— А, это объясняет все. — В его голосе прозвучало облегчение, словно Роза разрешила для него какую-то головоломку. — Боюсь, что я не помню его. Видимо, он был сопливым малышом, когда я нежился в лучах славы. Догадываюсь, что он не терял времени и выдал тебе всю грязь об этой истории. Леди, о которой шла речь, — про дожал он, заметив ее смущение, — несомненно решала свои проблемы, когда обеспокоила себя таким, как я, юнцом. Она практически изнасиловала меня, хоть я и не могу на нее пожаловаться. Все это было в высшей степени поучительно. Я не строю иллюзий, что я оказался первым стреноженным мальчишкой, которого она заманила в свой чулан, однако, тем не менее, одним из таких. Ты знаешь, когда тебя прерывают, это такая травма. Могла бы сделать меня недееспособным на всю жизнь.
Сколько из этих слов были произнесены нарочно, чтобы шокировать ее, Роза сказать не могла. В его голосе зазвучали резкие нотки.
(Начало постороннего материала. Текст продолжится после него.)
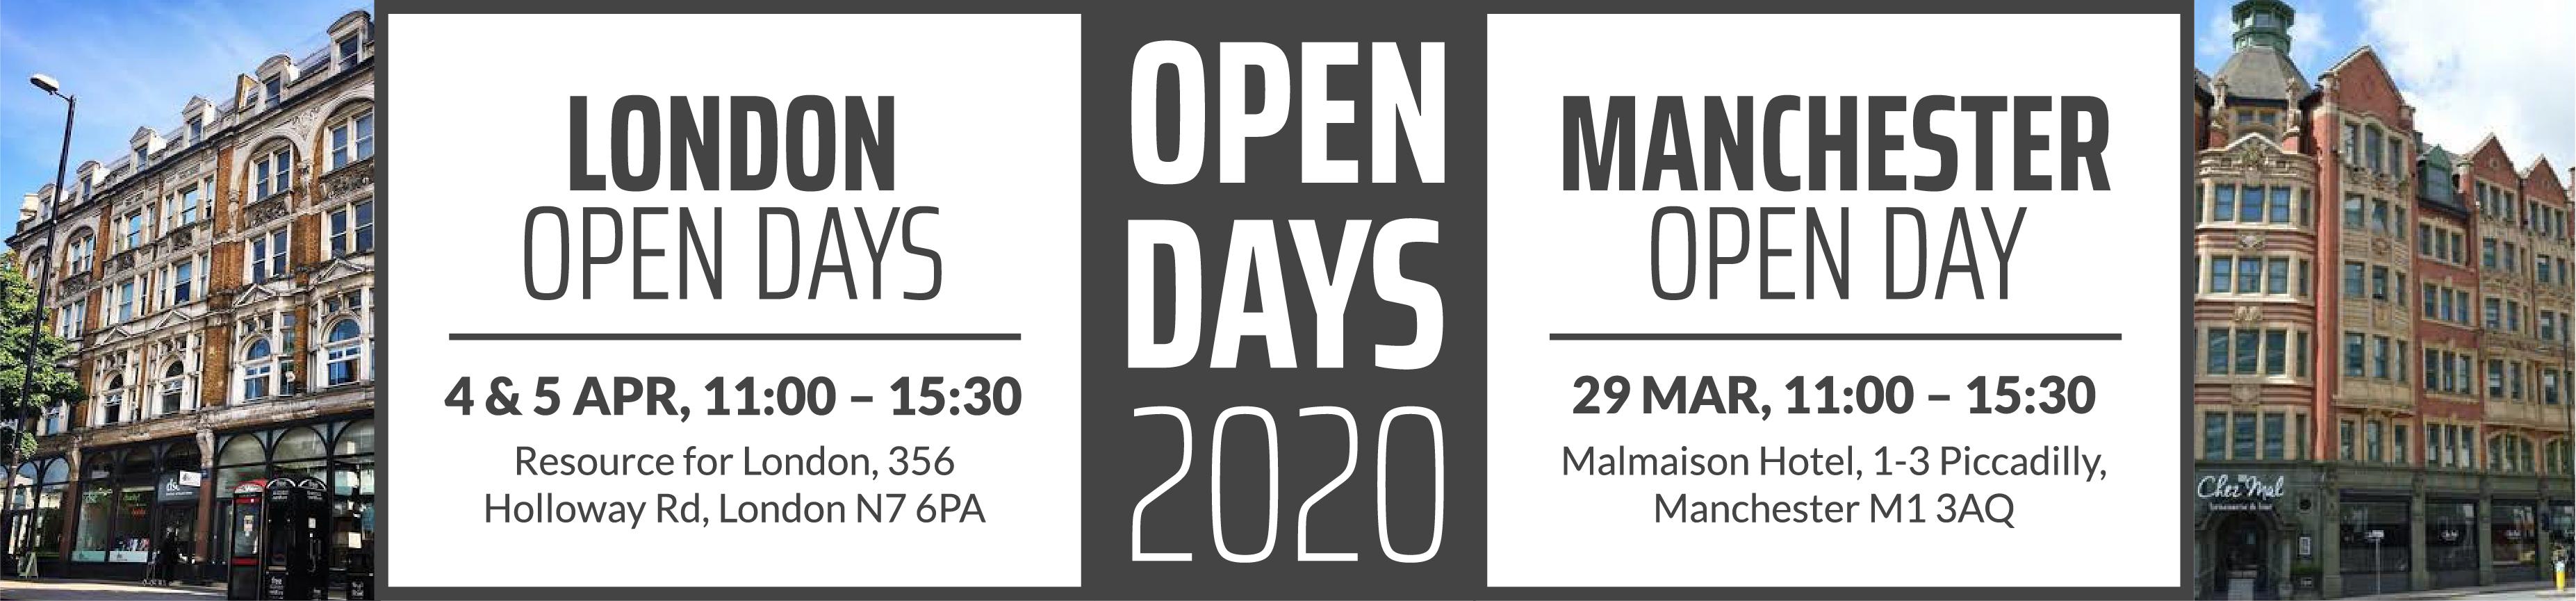 UK Open Day

— Моя личная жизнь была, как я подозреваю, не более предосудительной, чем многие другие, о которых никто не сплетничает. Однако, благодаря моей громкой фамилии, а также флиртам моей мамочки-леди, мои собственные, изрядно раздутые похождения удостоились всеобщего внимания, которого — увы! — они едва ли заслуживали. Каким счастливчиком я был бы, если бы оказался способным на те сверхчеловеческие свершения, которые мне приписывают. Однако, разумеется, серьезное искусство не помогает лучше распродавать воскресные газеты, поэтому та информация обо мне, которая действительно имеет значение — мои живописные работы — редко удостаивается упоминания, разве что в наиболее ругаемых художественных кругах. Так мне и приходится жить с тем неудачным имиджем Казановы, который между делом еще и рисует немножко. И тут опять-таки помогают деньги. По крайней мере, я могу себе позволить послать их ко всем чертям.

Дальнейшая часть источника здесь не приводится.